Recorded information.

= = = = = = =

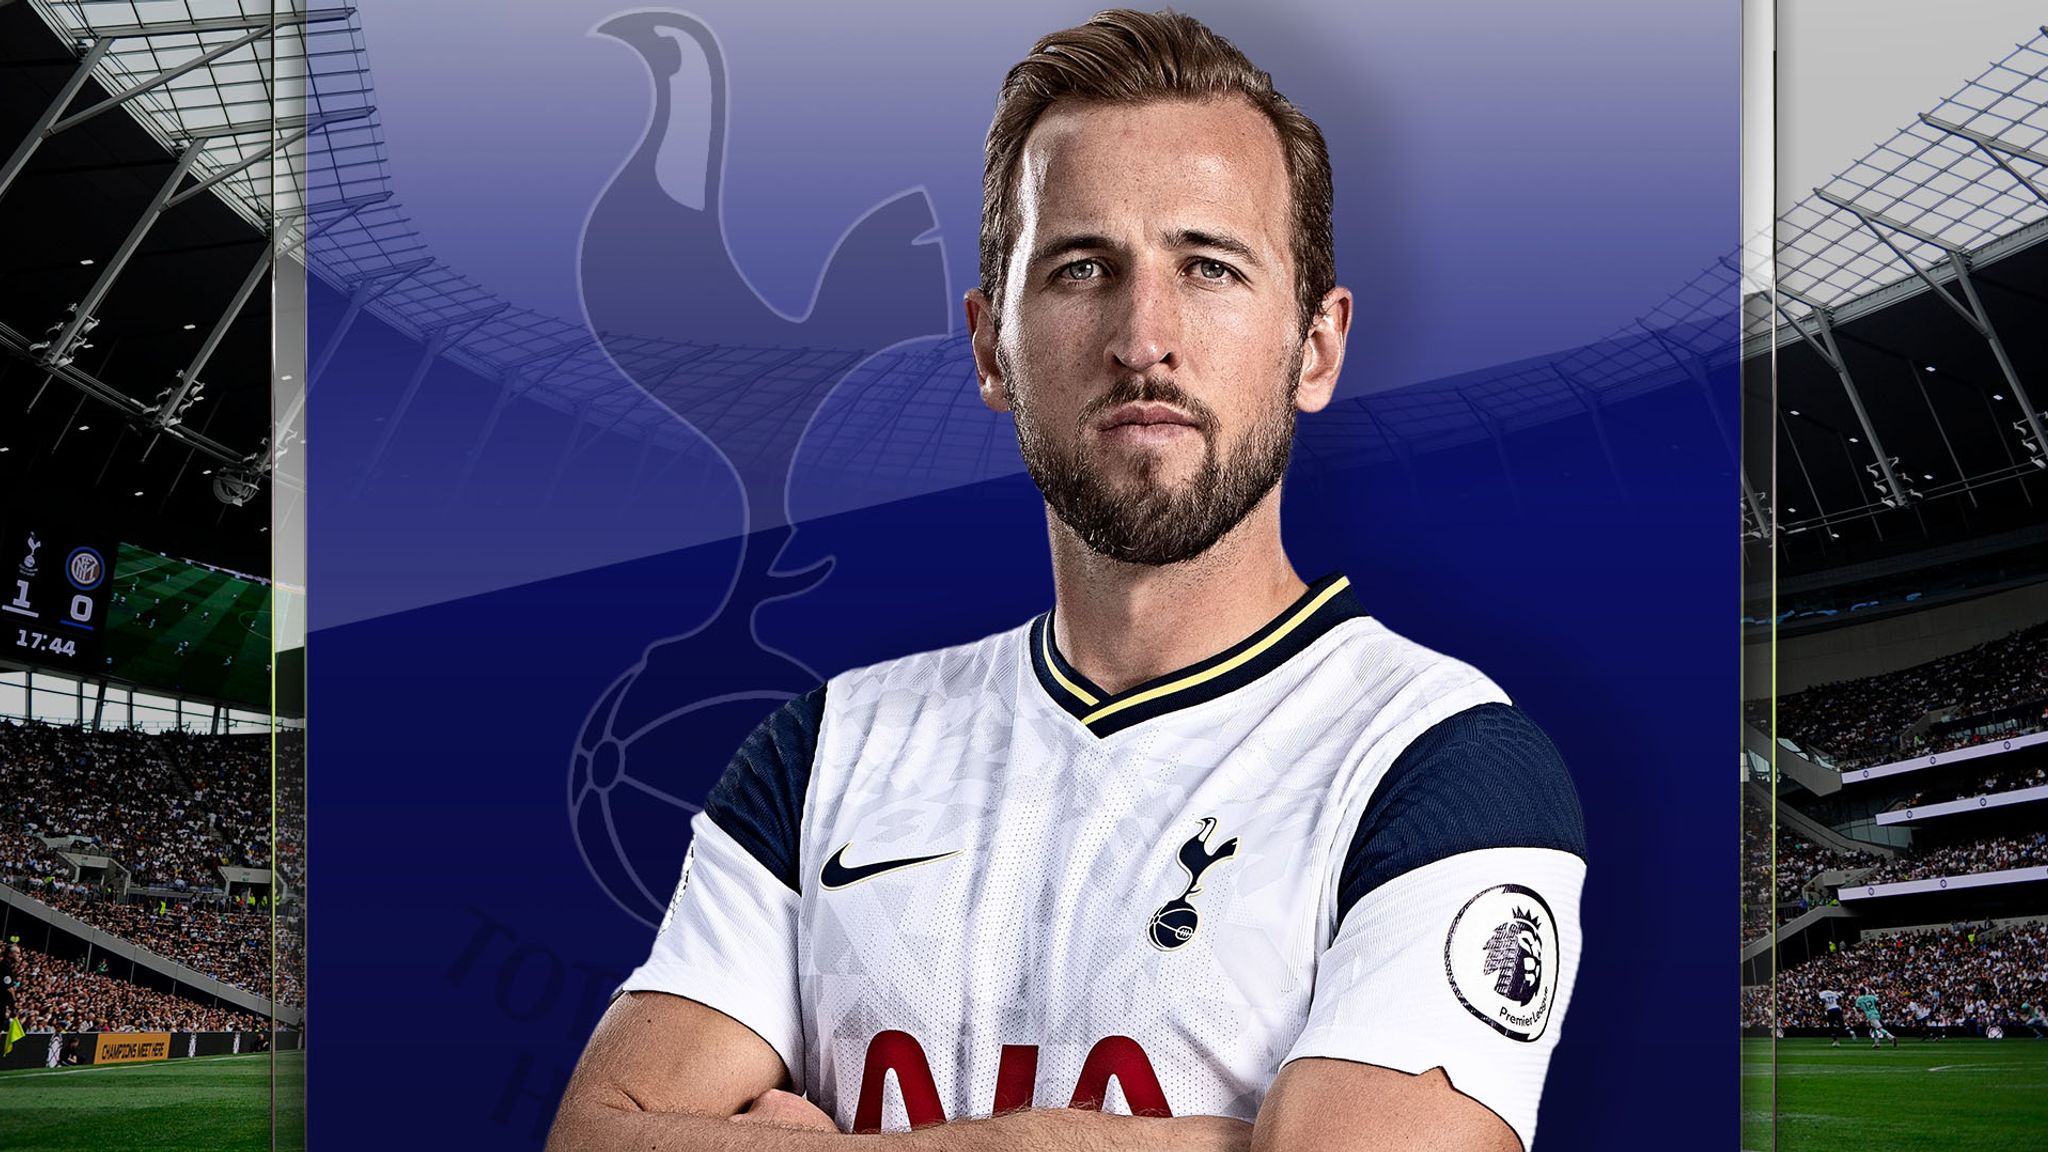 Why does Harry Kane want to leave Tottenham for Manchester City
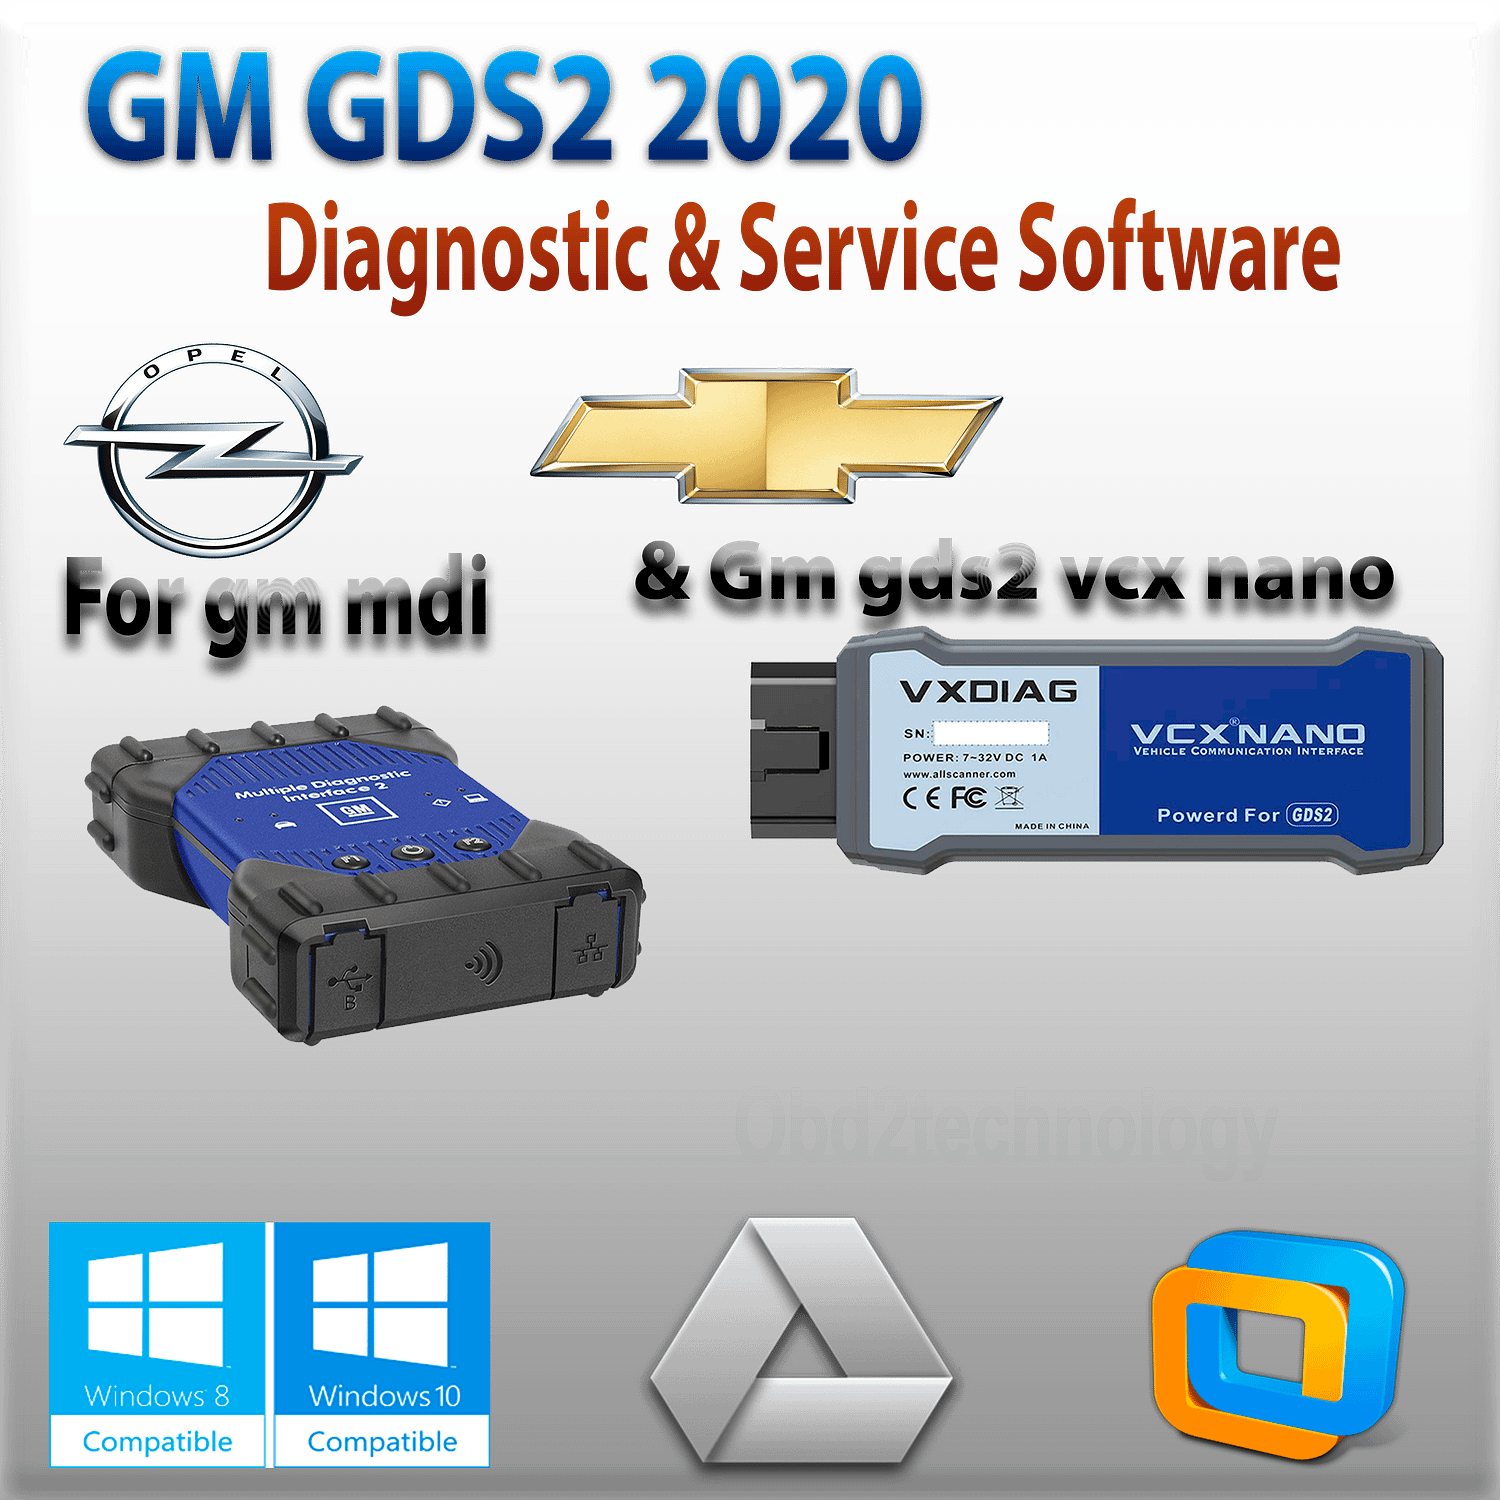 diagnostic software gm gds2 2020 vauxhall opel/saab/chevrolet instant download
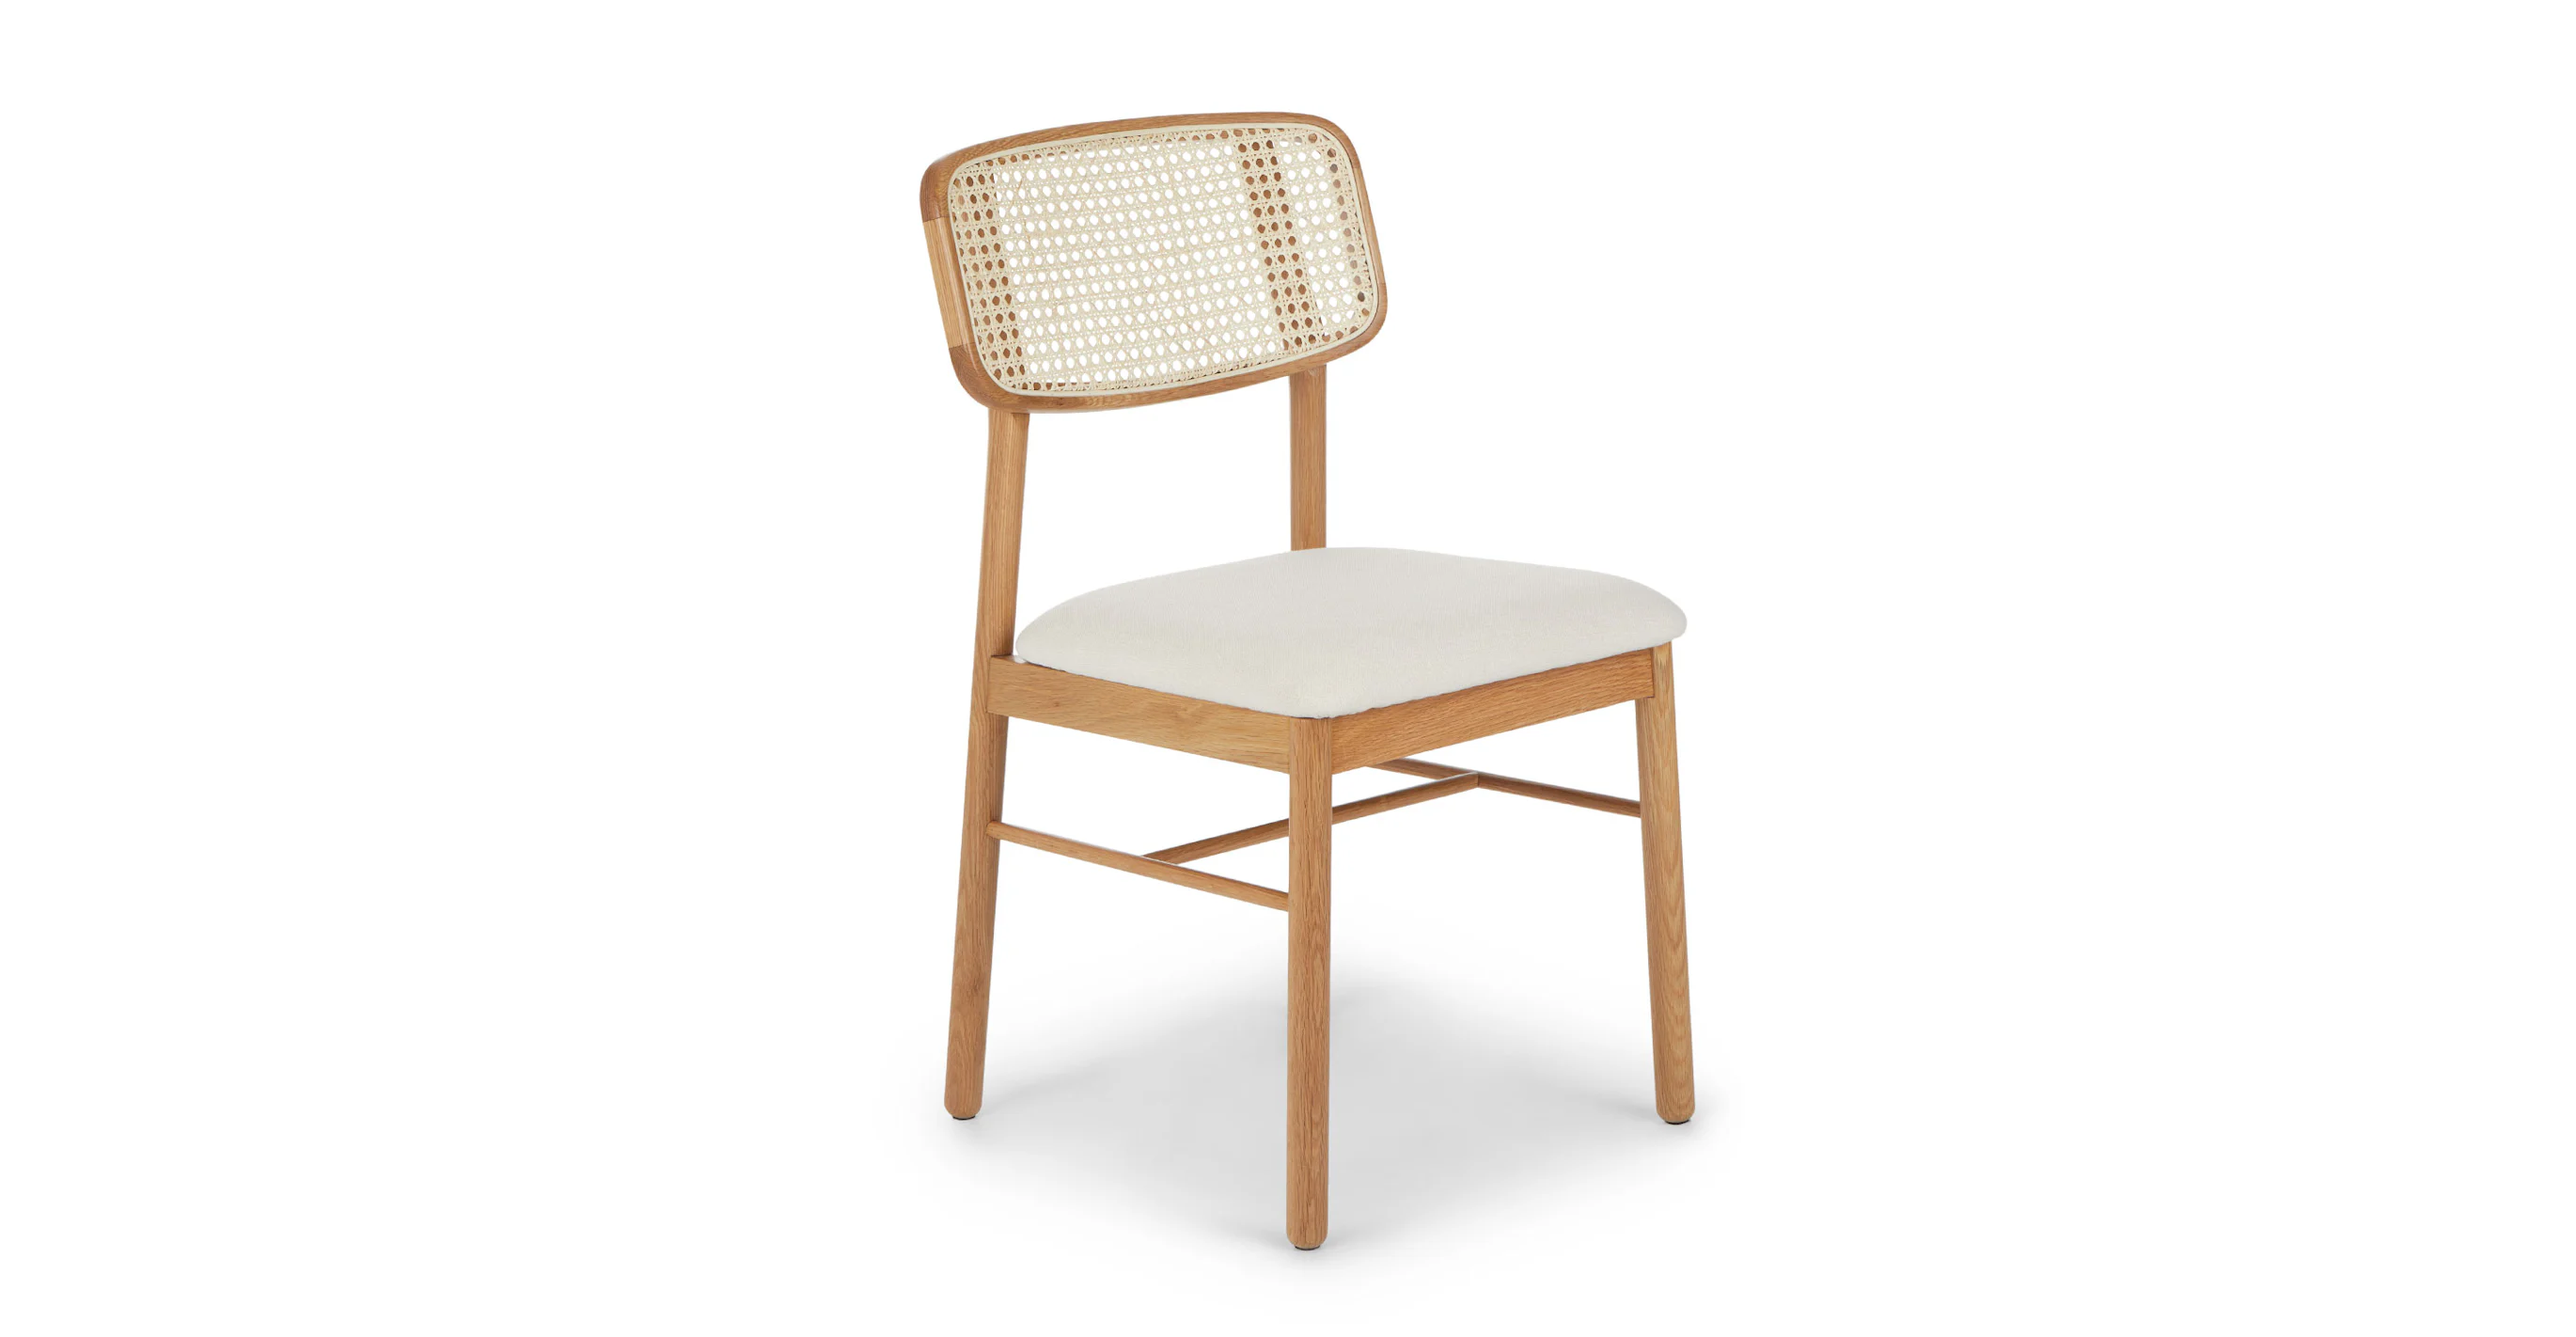 Shop Netro dining chair, vintage white and oak from Article on Openhaus

= = = = = = =

Exercise. Pictures are not part of the copy. Reproduce the lines from the one with "diagnostic software gm" through the end of the listing above.

Task response.
 diagnostic software gm gds2 2020 vauxhall opel/saab/chevrolet instant download
 Shop Netro dining chair, vintage white and oak from Article on Openhaus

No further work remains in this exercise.